Dynamic interfaces and innovation in how we view information

While reading Interface Culture, Steven Johnson mentioned an early (1996) concept of Apple’s known as V-Twin.

“In early 1996, Apple began showing a functional demo of its new Finder software, in which all file directories include a category for “most representative words”. As you change the content of the document, the list of high-information words adjusts to reflect the new language. At first glance, this may seem like a superficial advance—a nifty feature but certainly nothing to write home about. And yet it contains the seeds of a significant interface innovation”

“Apple’s list of high information words raises the stakes dramatically: for the first time, the computer surveys the content, the meaning of the documents”

“Apple’s new Finder was the first to peer beyond the outer surface, to the kernel of meaning that lies within. And it was only the beginning.”

“It is here that the real revolution of text-driven interfaces should become apparent.
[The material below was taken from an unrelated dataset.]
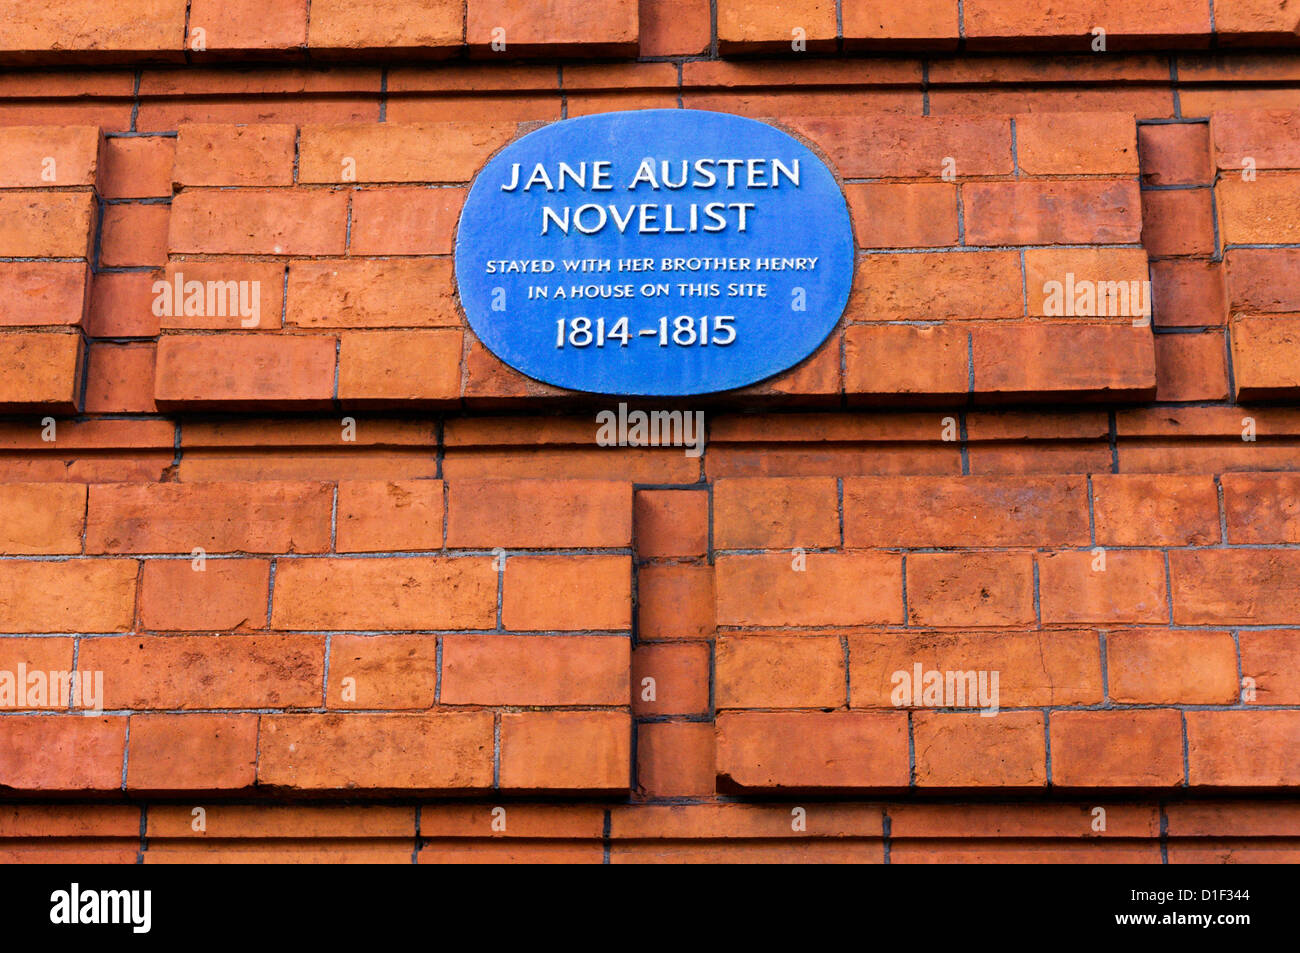 Une blue plaque enregistre l'emplacement d'une maison une fois que vous avez séjourné dans cet hôtel de Jane Austen. Banque D'Images

Apple’s V-Twin implementation lets you define the results of a search as a permanent element of the Mac desktop—as durable and accessible as your disk icons and the subfolders beneath them.”

In Apple’s OS X Tiger in 2004, the original idea behind V-Twin and Views was shipped as Apple’s new ‘Smart Folders’. I find it interesting to note that it took nearly a decade for this innovation to reach and be received by the masses.

With View’s came a few breaks in consistency, as the function of these folders differed from regular folders, and therefore so did their various interactive behaviours. certain actions may not happen the way the user is accustomed to, based on their existing knowledge of Apple’s set-in-stone Interface conventions. “Wasn’t the user experience supposed to be all about consistency?” “The fact that the View window departs so dramatically from the Mac conventions indicates how radical the shift really is, even if it seems innocuous at first glance.”

I think this is particularly relevant when it comes to my questioning of ‘Innovation vs. Convention’, which I plan to discuss in detail towards the end of my Research Report. Here, in Apple’s example, breaking convention was a necessary result of innovation. Certain conventions could not physically exist within this innovation, as they directly contradicted the function of the innovation itself.

Further Views reading can be found on on Johnson’s Website.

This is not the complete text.